(DATASET EXCERPT)

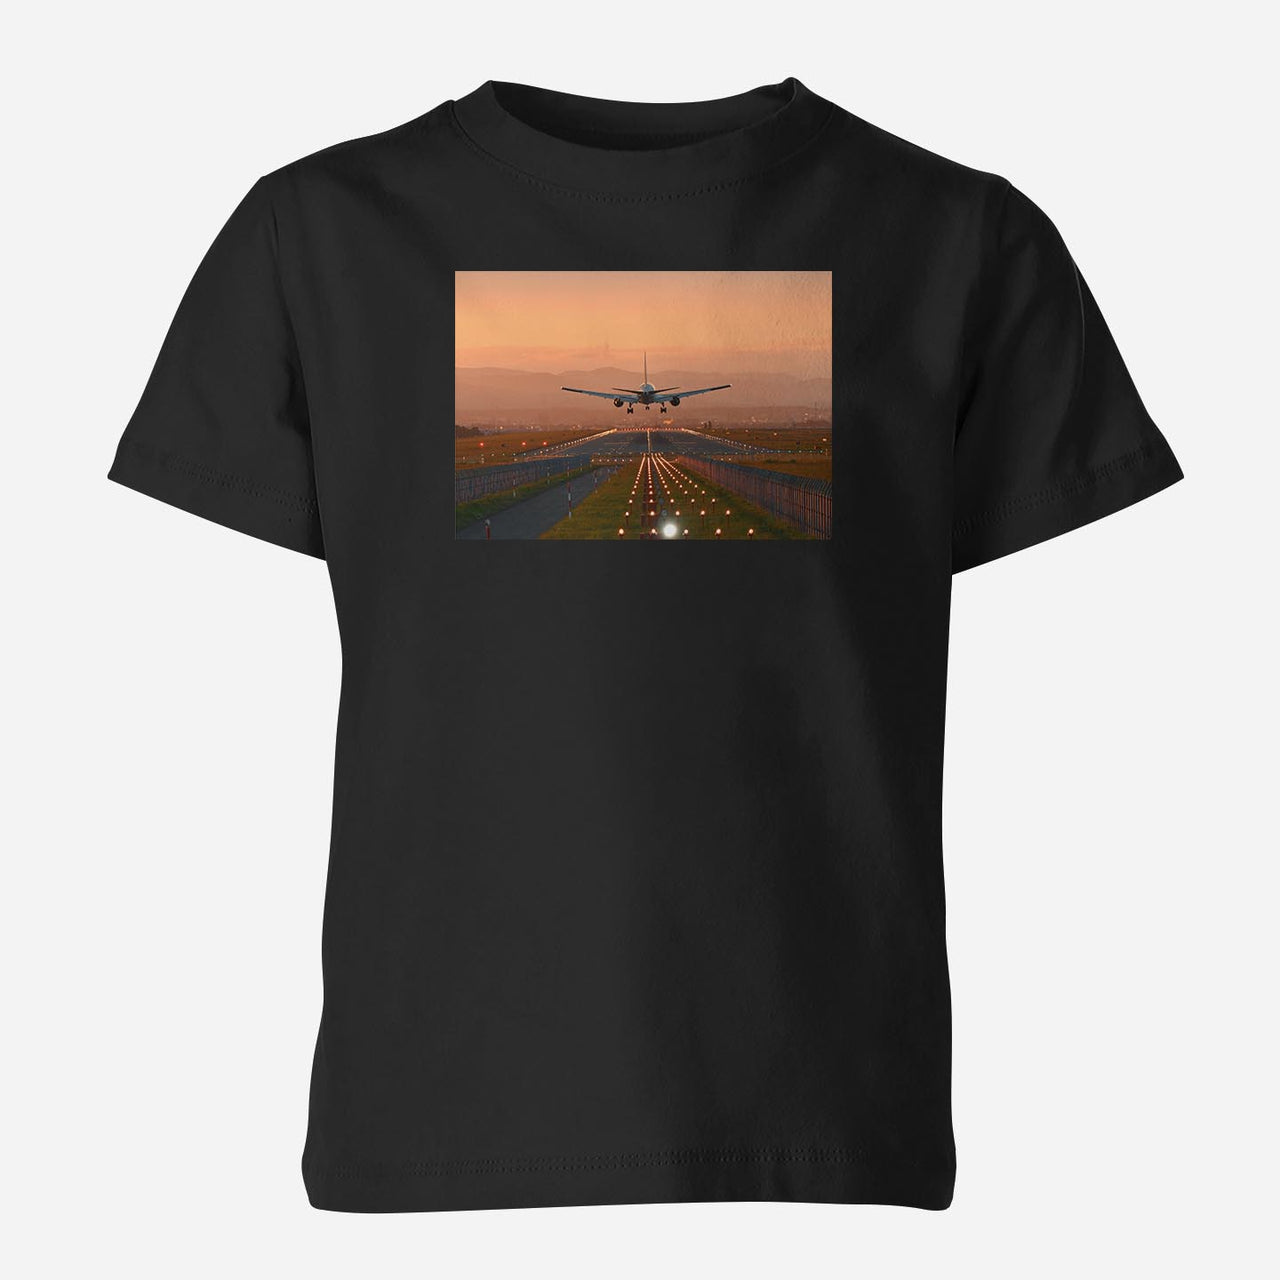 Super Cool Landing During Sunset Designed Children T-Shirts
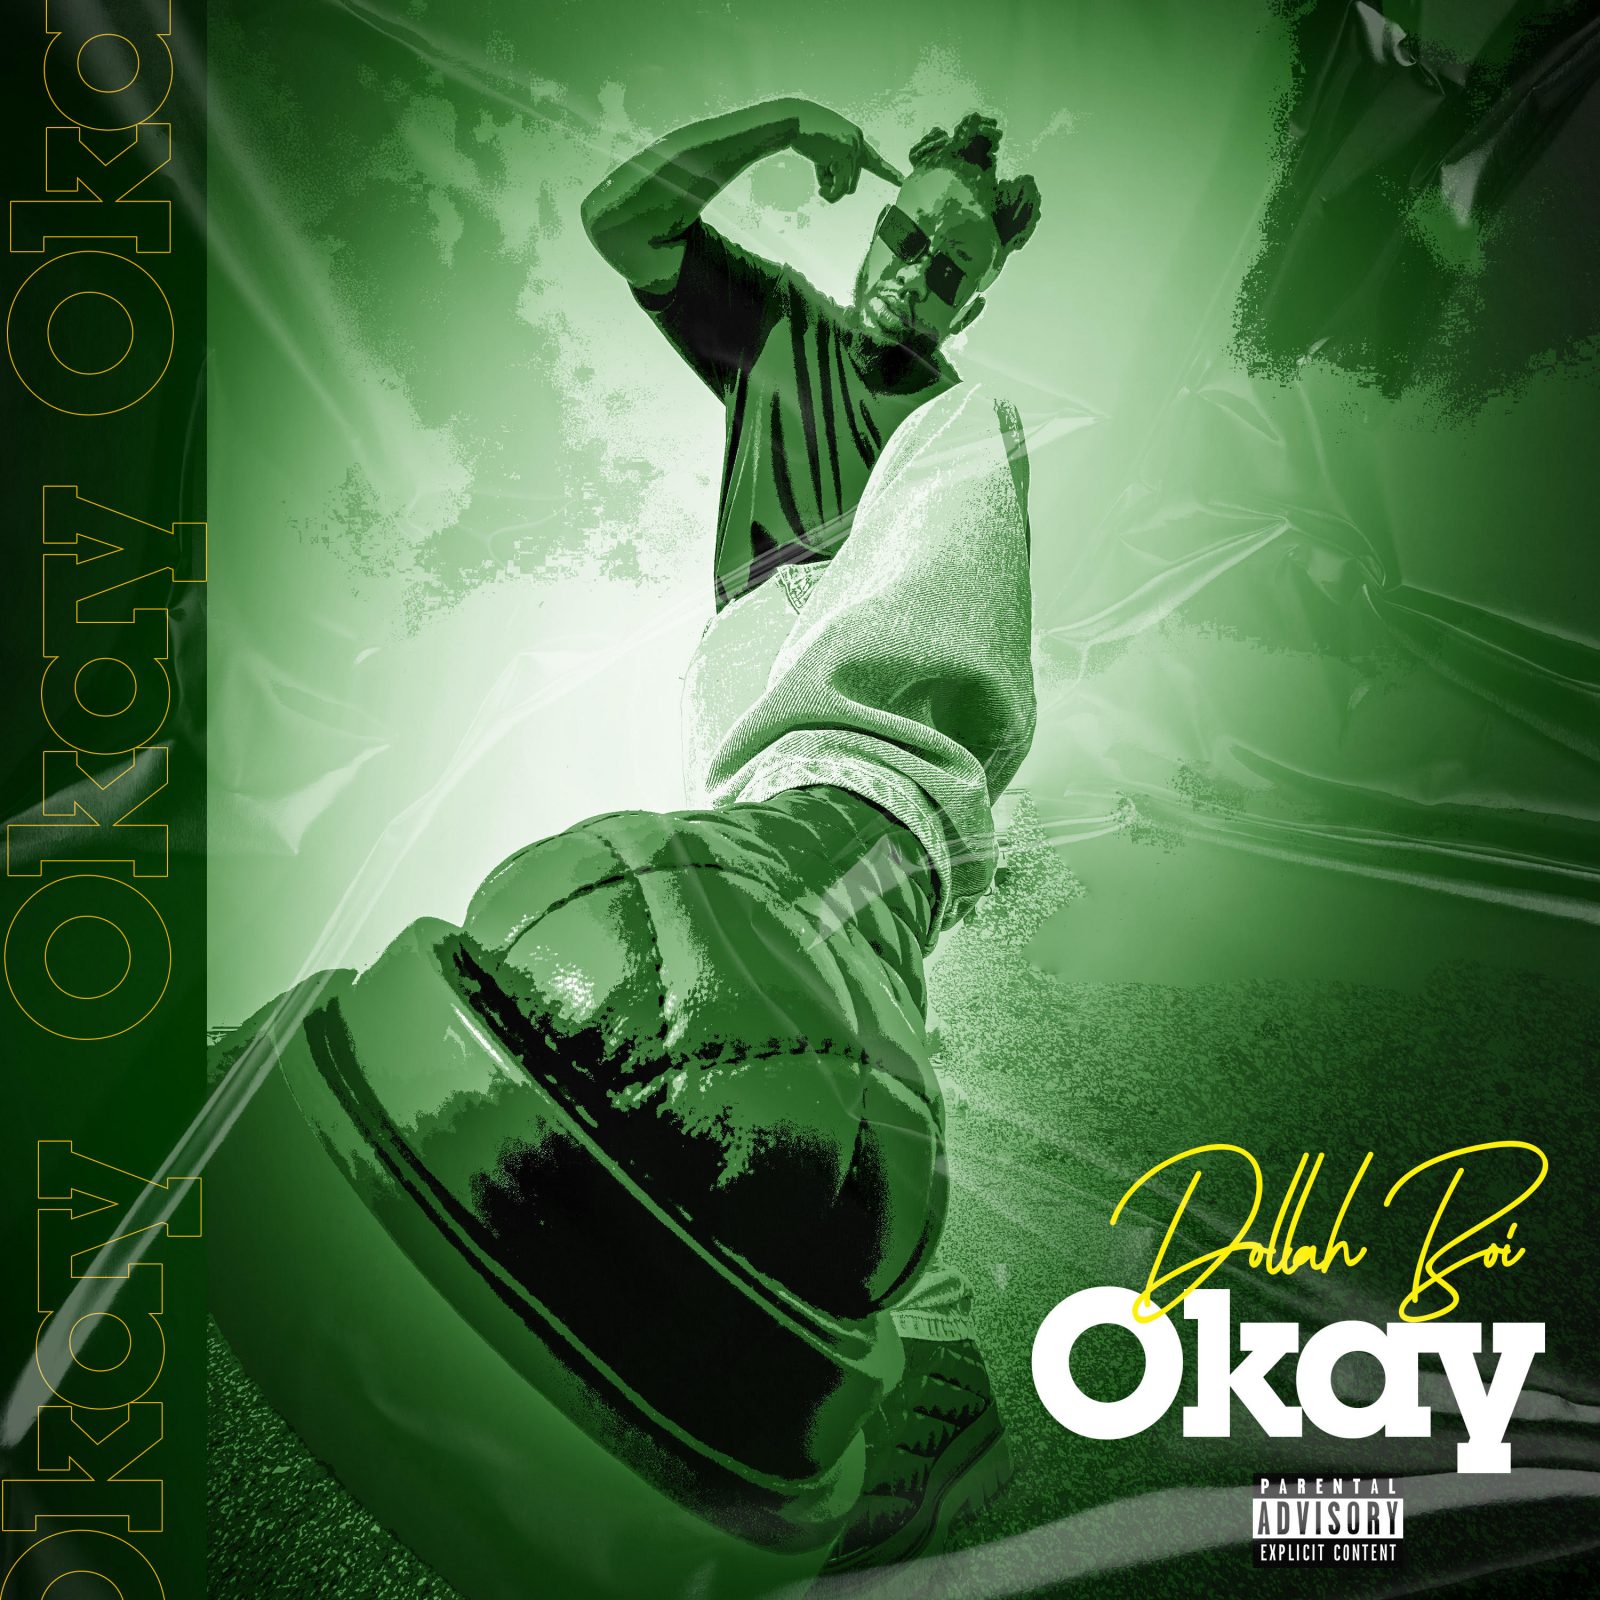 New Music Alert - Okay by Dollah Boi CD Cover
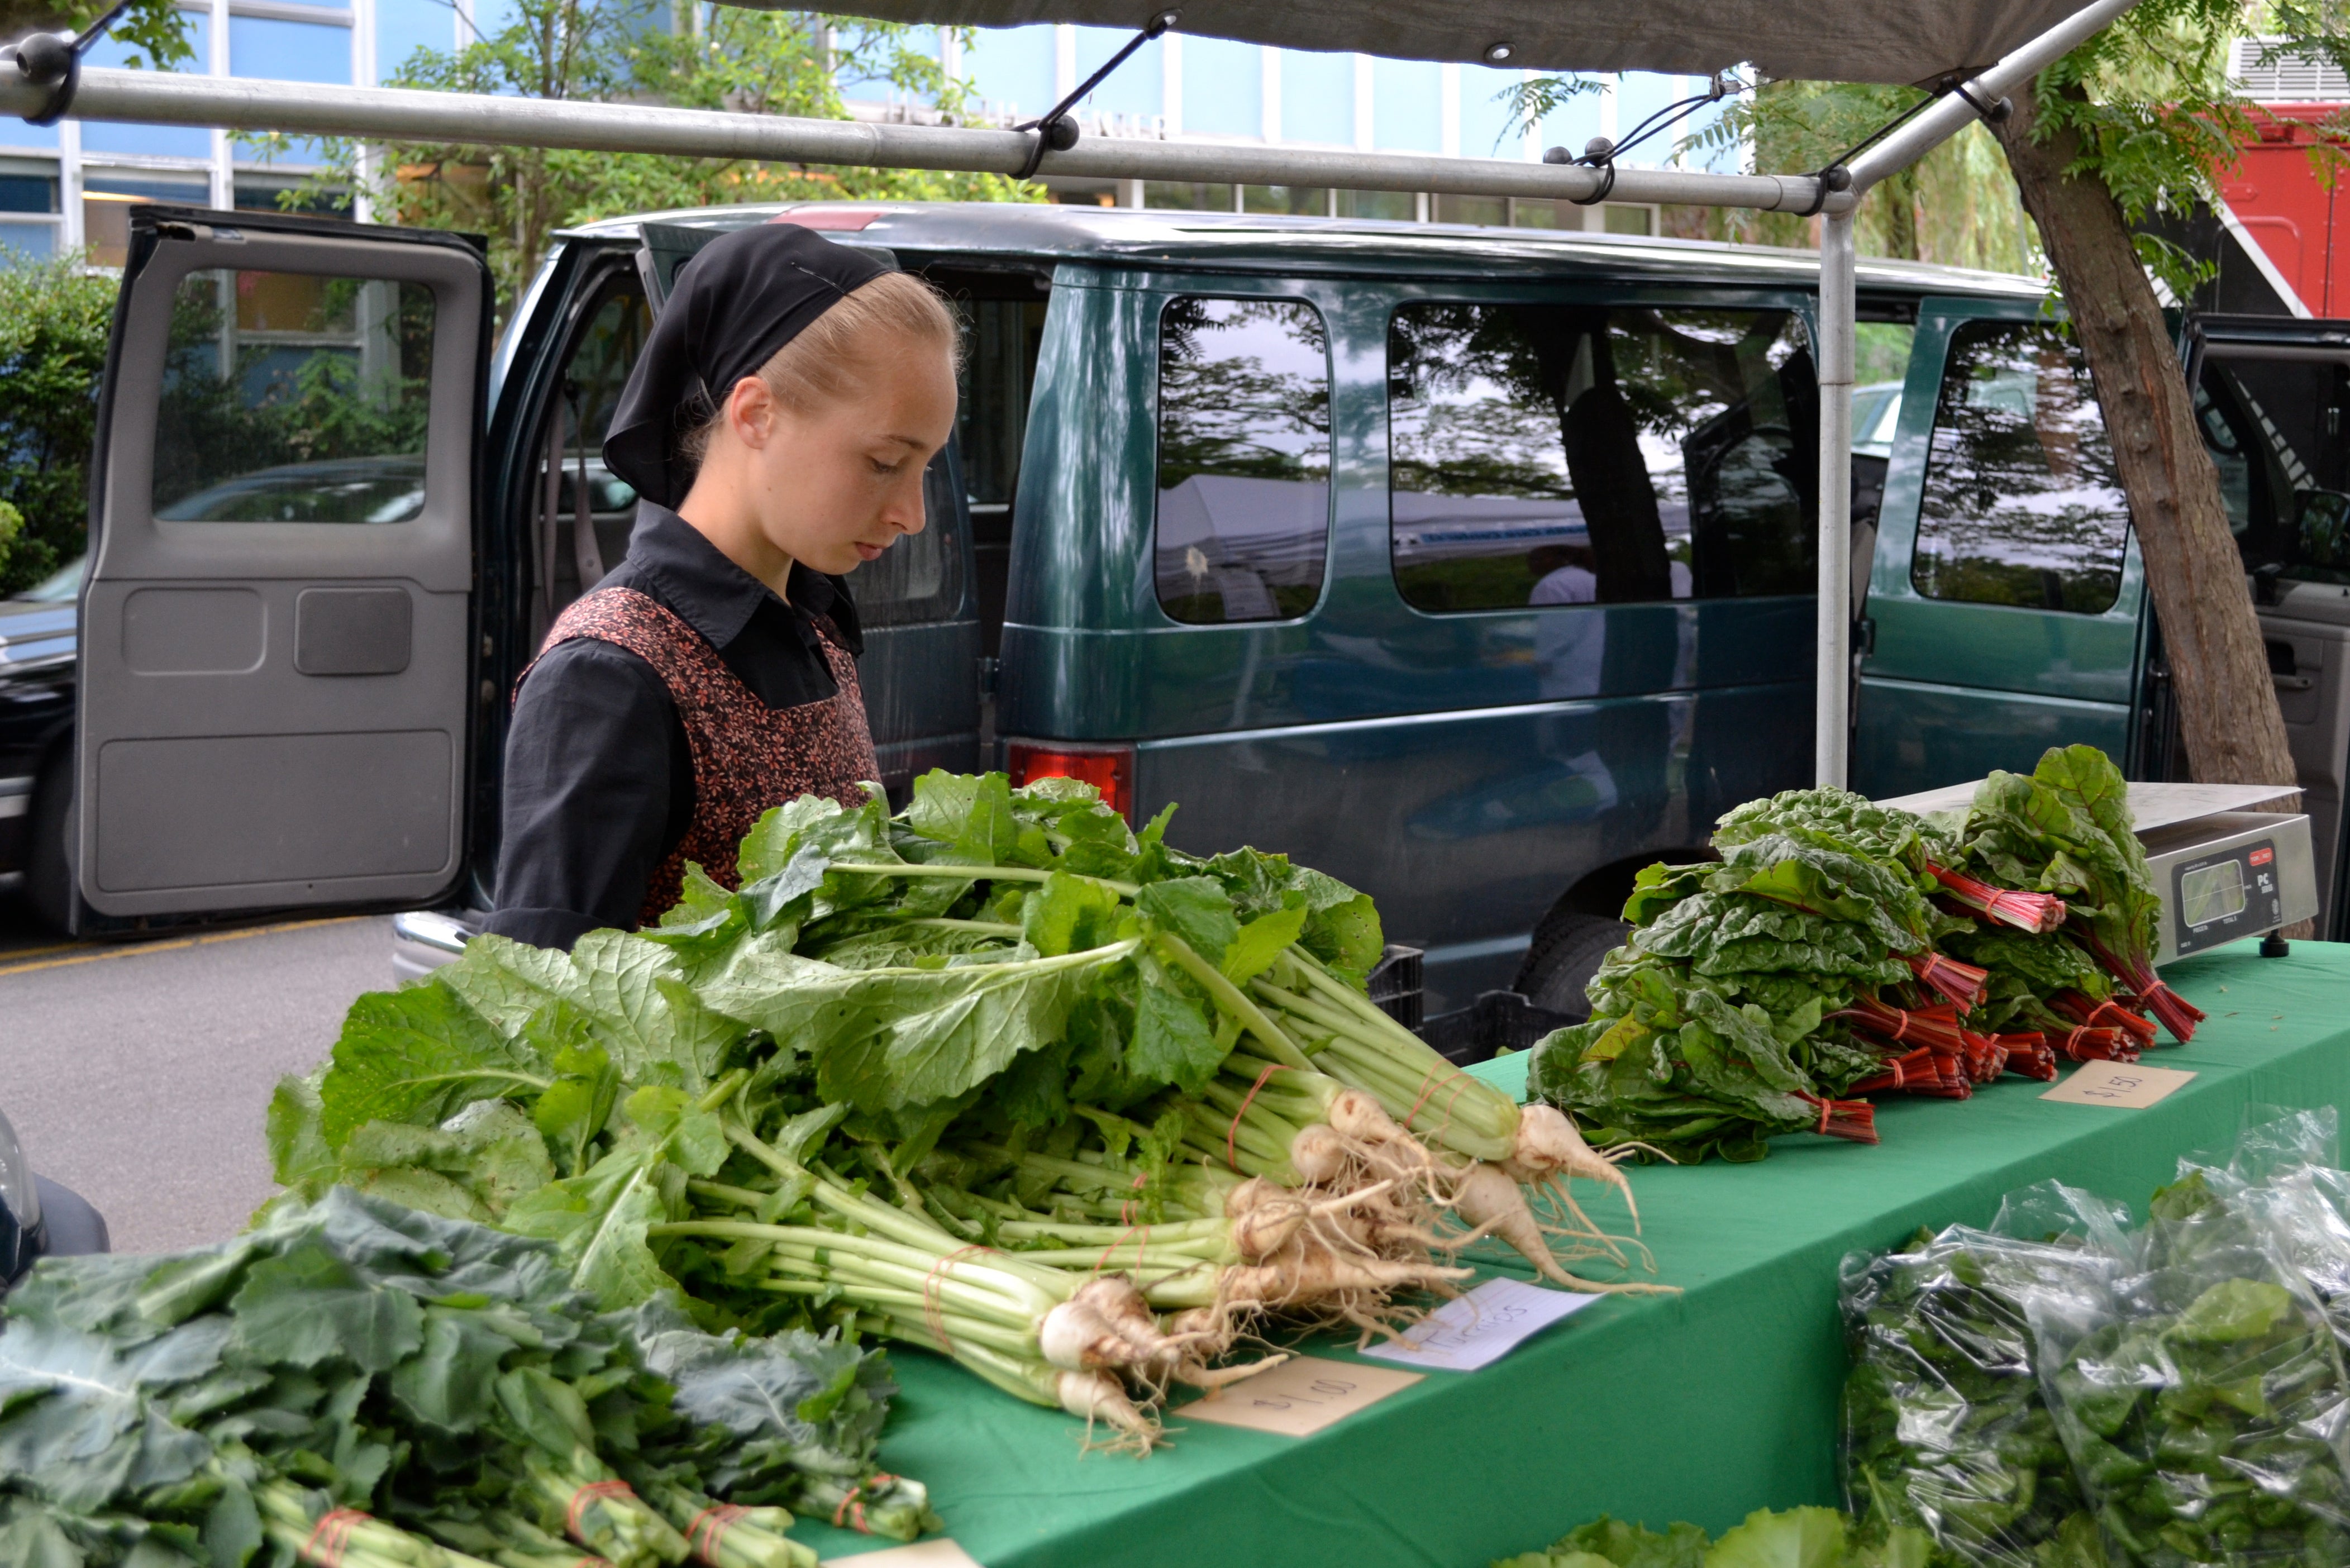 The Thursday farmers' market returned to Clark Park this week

(WHAT IS BEING ASKED)
An exact copy of the lines from the line containing "New Music Alert" through the final line of the listing, without pictures, is the expected result.

(REPLY TO THE EXERCISE)
 New Music Alert - Okay by Dollah Boi CD Cover
 The Thursday farmers' market returned to Clark Park this week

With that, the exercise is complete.